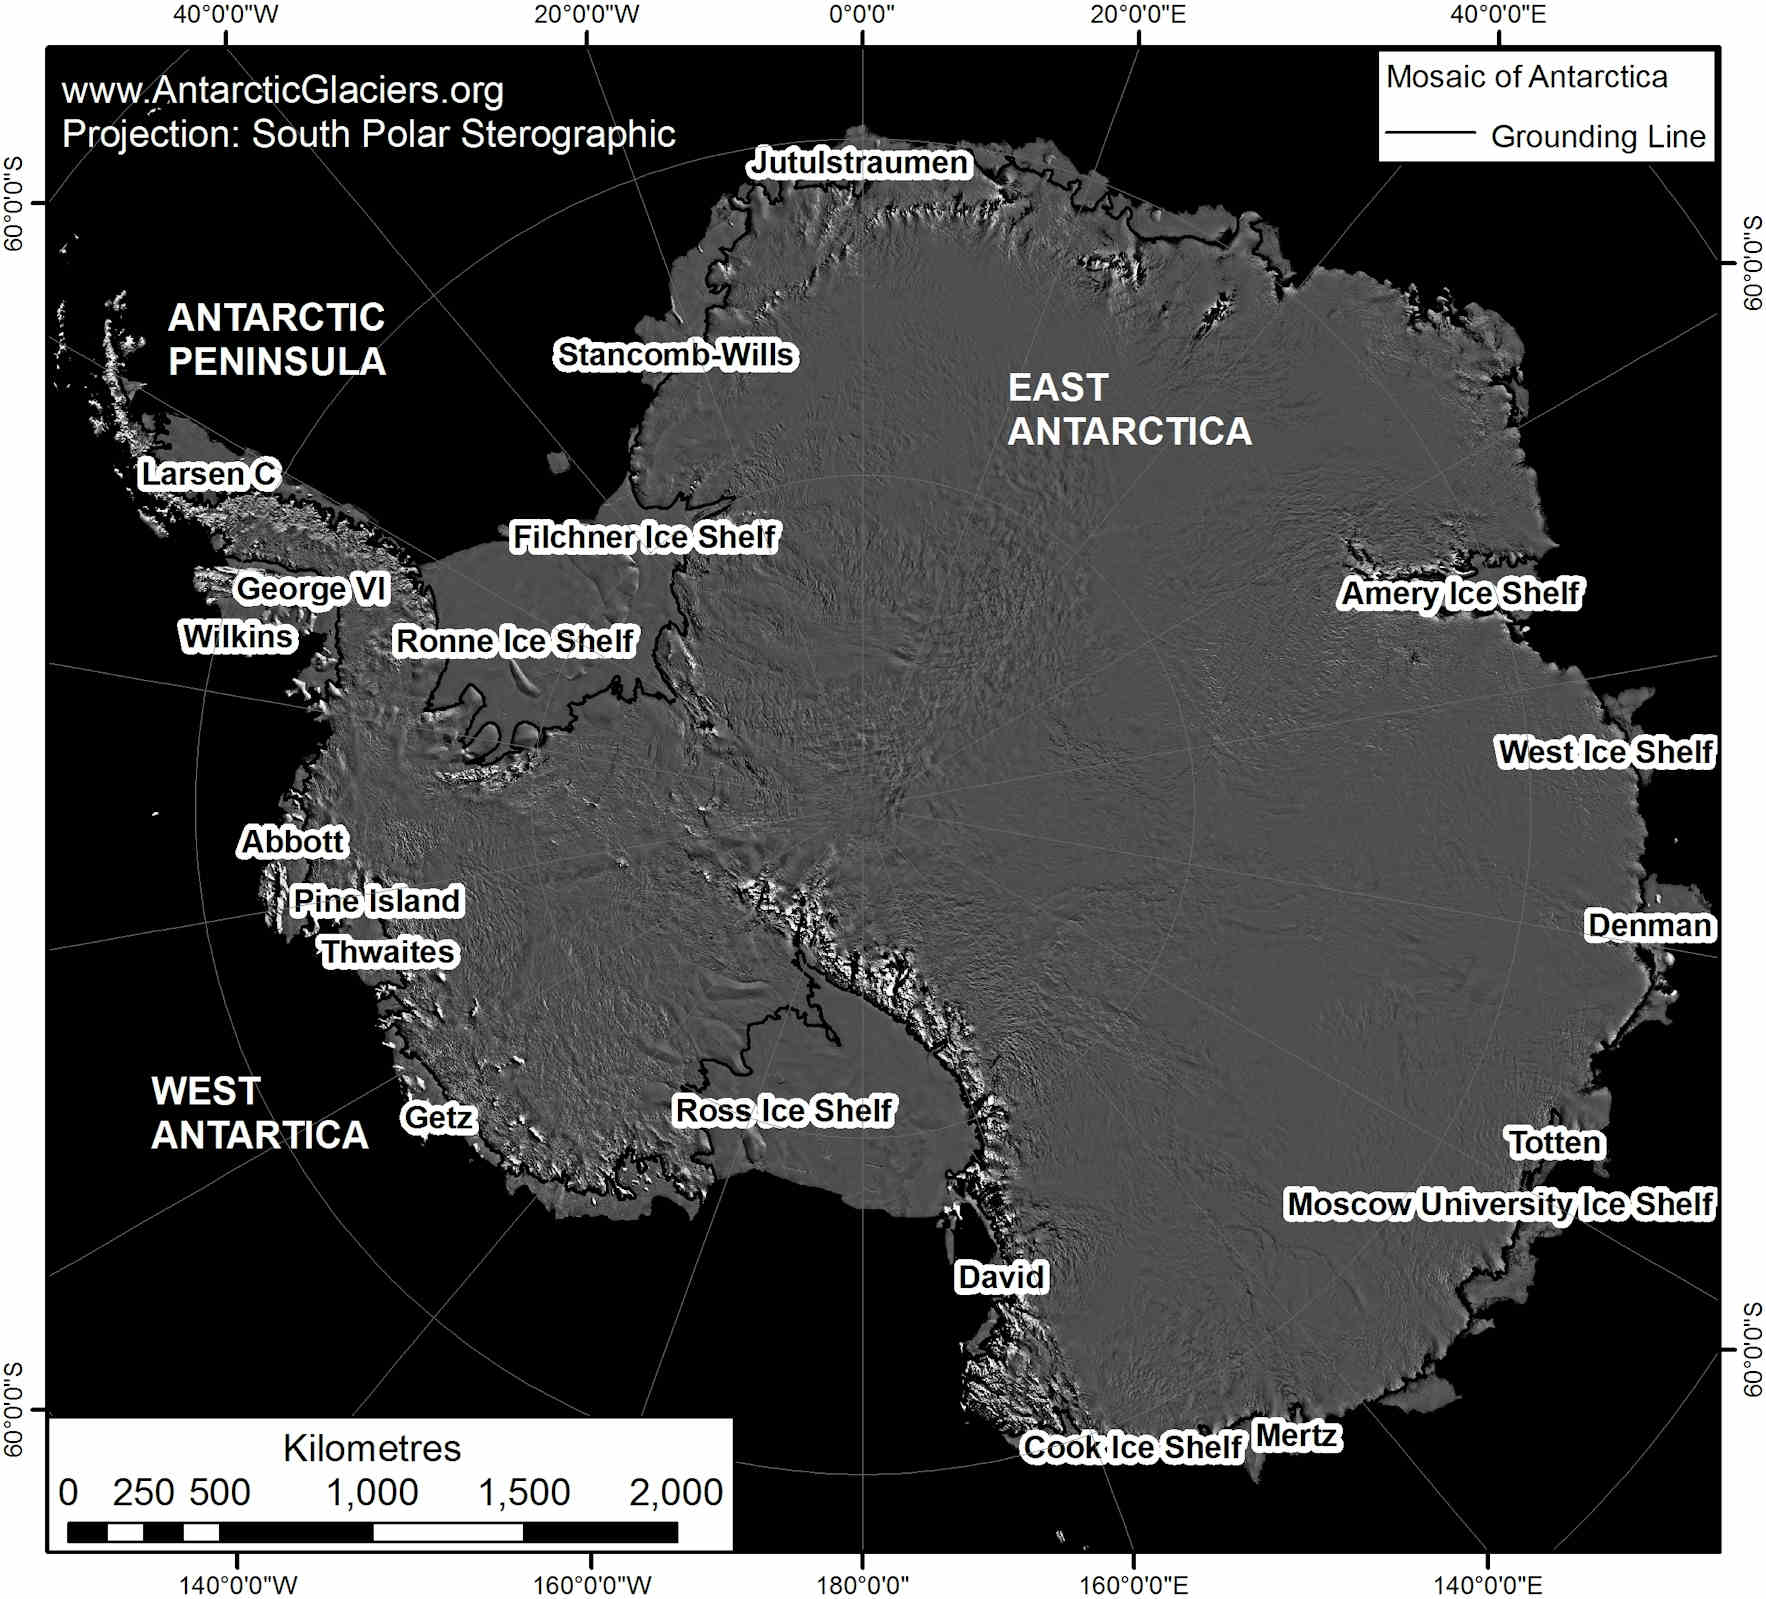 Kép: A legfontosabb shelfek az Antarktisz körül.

--

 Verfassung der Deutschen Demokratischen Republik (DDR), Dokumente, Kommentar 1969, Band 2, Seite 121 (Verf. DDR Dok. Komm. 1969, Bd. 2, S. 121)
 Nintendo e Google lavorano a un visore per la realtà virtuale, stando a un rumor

---

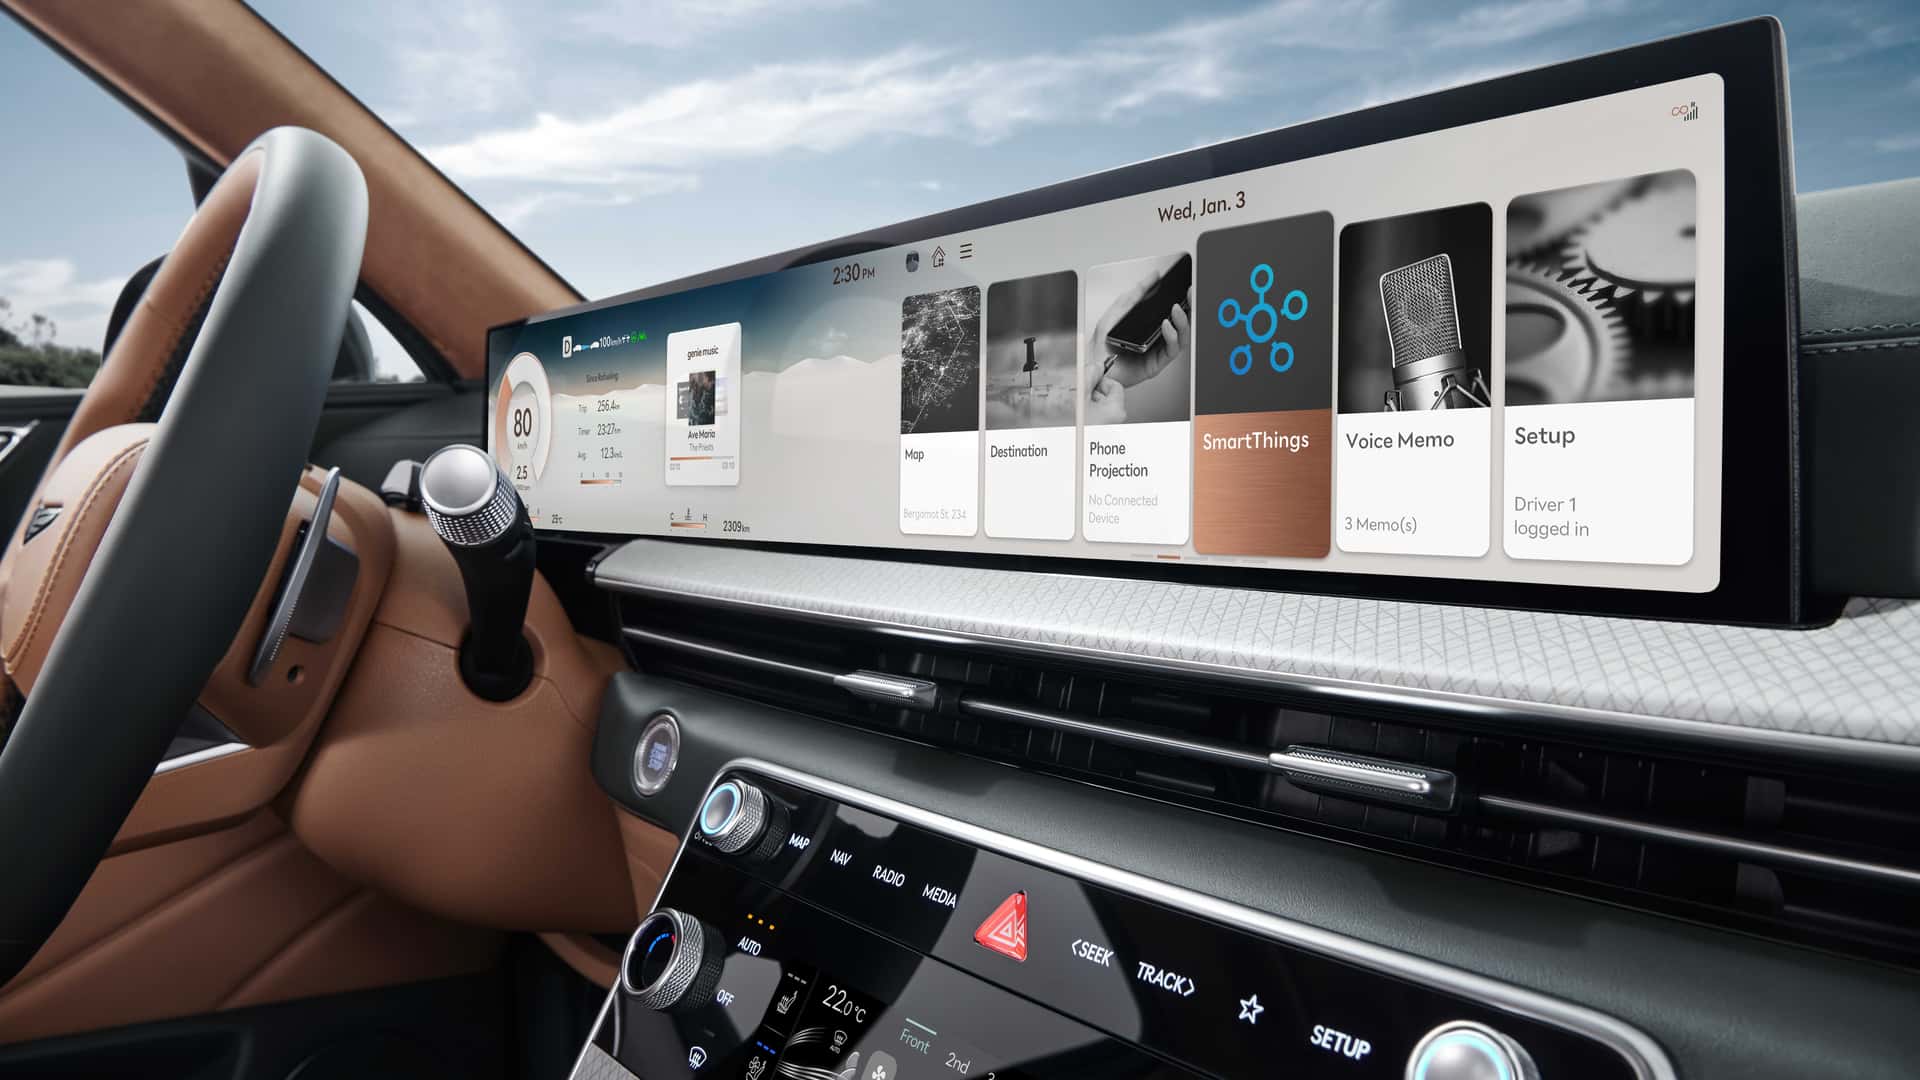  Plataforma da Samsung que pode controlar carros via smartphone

What you are asked to do:
Produce only the lines from the line containing "Verfassung der Deutschen" through the line containing "Nintendo e Google", inclusive of both, exactly as they stand in the entries above.

Reply to the task:
 Verfassung der Deutschen Demokratischen Republik (DDR), Dokumente, Kommentar 1969, Band 2, Seite 121 (Verf. DDR Dok. Komm. 1969, Bd. 2, S. 121)
 Nintendo e Google lavorano a un visore per la realtà virtuale, stando a un rumor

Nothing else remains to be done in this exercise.